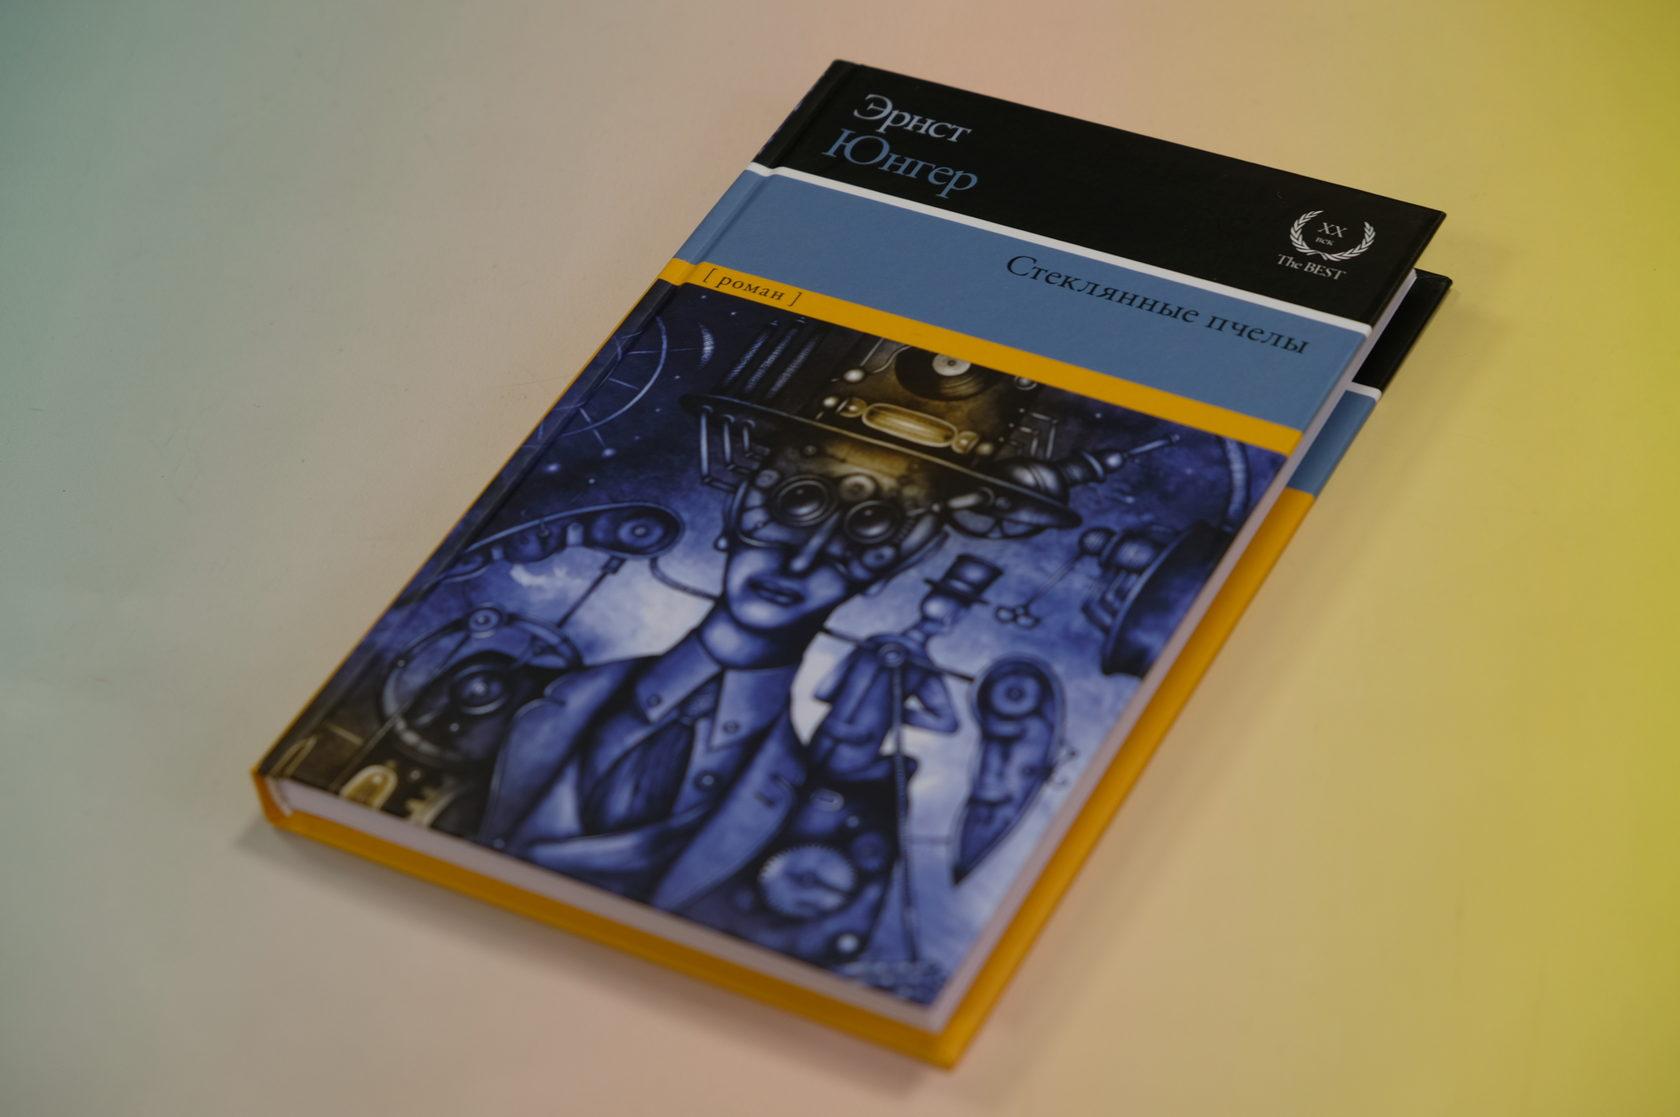 Купить книгу Эрнст Юнгер «Стеклянные пчелы» 978-5-17-107086-1
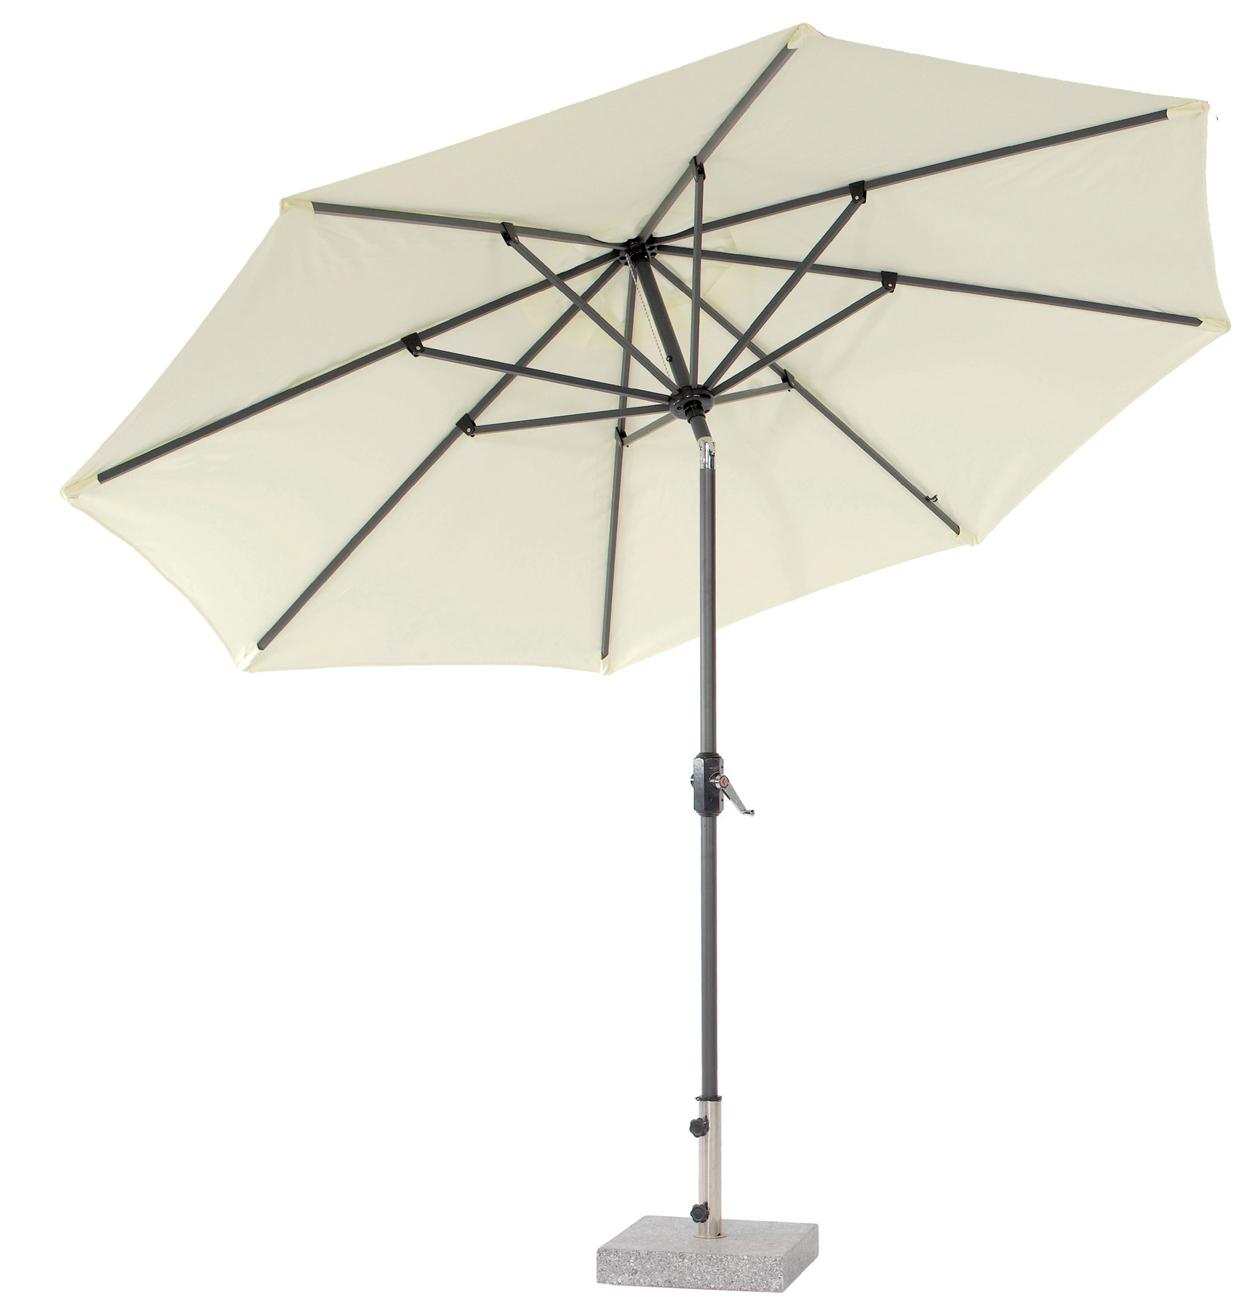 Parasol de lujo con palo central Aukland - Inclinable varias posiciones, elevable con manivela
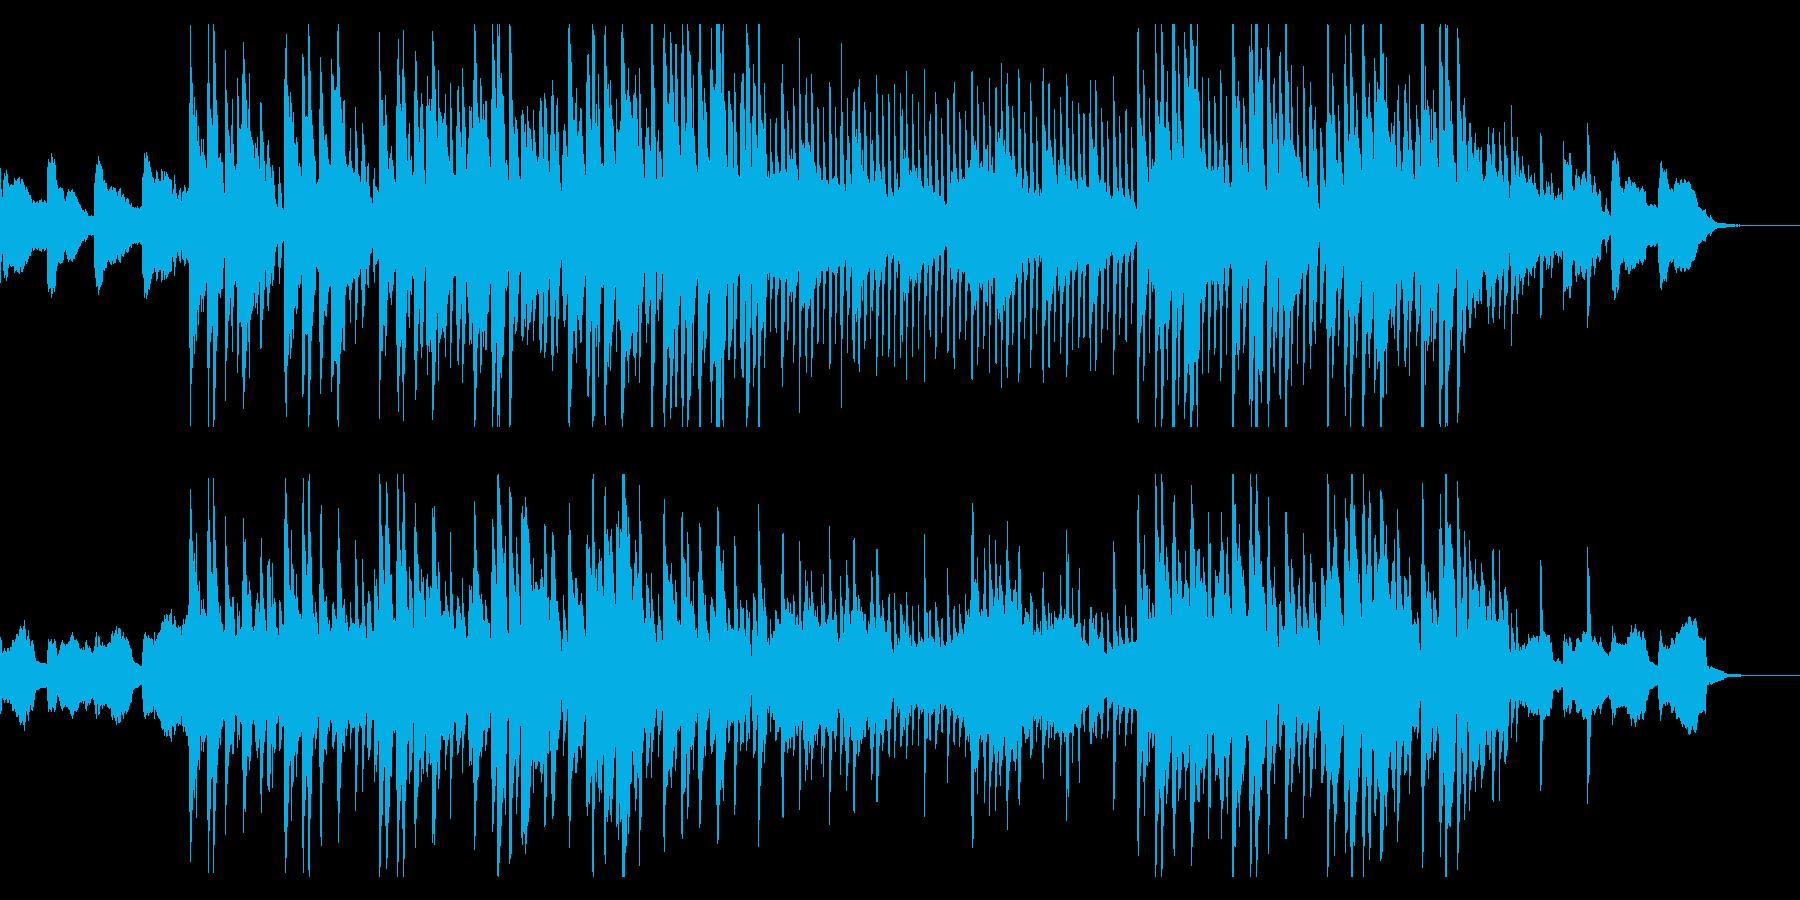 ポップなBGMの再生済みの波形

**What you are asked to do:** Extract the lines beginning with the one that contains "Parasol de lujo" and ending with the last line of the listing. Keep them exact and drop the pictures.

**Answer for this exercise:**
 Parasol de lujo con palo central Aukland - Inclinable varias posiciones, elevable con manivela
 ポップなBGMの再生済みの波形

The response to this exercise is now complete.